Interviewer: How about a search of your person, or is that expected in a DUI investigation?
Kevin: Under the law, a police officer can search a person after an arrest. That’s an automatic right the police have to make sure that the person does not have weapons on his person. A police officer can search somebody to determine that the person doesn’t have weapons.
There Must Be Suspicion to Perform a Search Prior to an Arrest
Yes, after an arrest, the person can be searched totally for anything that’s in his pockets. However, prior to being arrested, an officer can frisk a suspect. The officer can only frisk a suspect if there is a particularized suspicion that the person may have a weapon.

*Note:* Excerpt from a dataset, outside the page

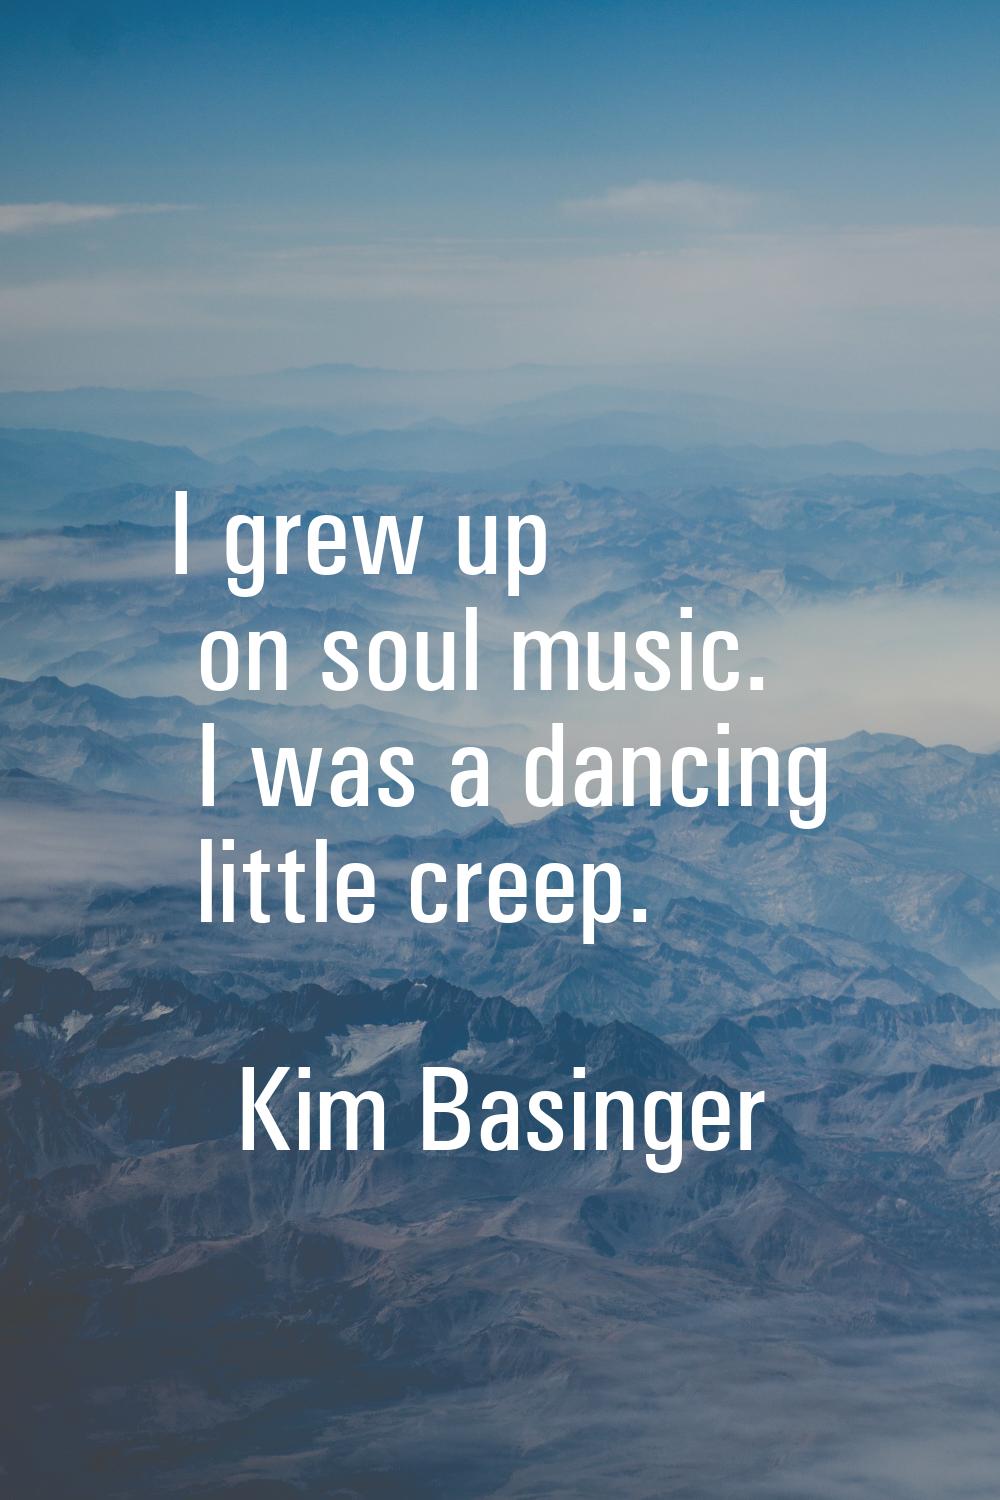 I grew up on soul music. I was a dancing little creep.

In other words, the officer must suspect that the person is armed and dangerous. If there’s no real particular suspicion that the person being searched has a weapon, then the officer is prohibited from frisking.
During the frisk, the officer can go into a pocket and search it if it’s readily apparent that the item may be a weapon. Then, the officer can pull that weapon from that person without having a warrant.
Illegal Substances and the “Plain Feel Exception”
There’s also another exception called “the plain feel exception.” This involves an officer who’s searching for a weapon and then immediately identifies a bulge in the person’s pocket as being drugs or drug paraphernalia.
Then the officer can search the place where the suspected drugs are and pull them out without having a warrant.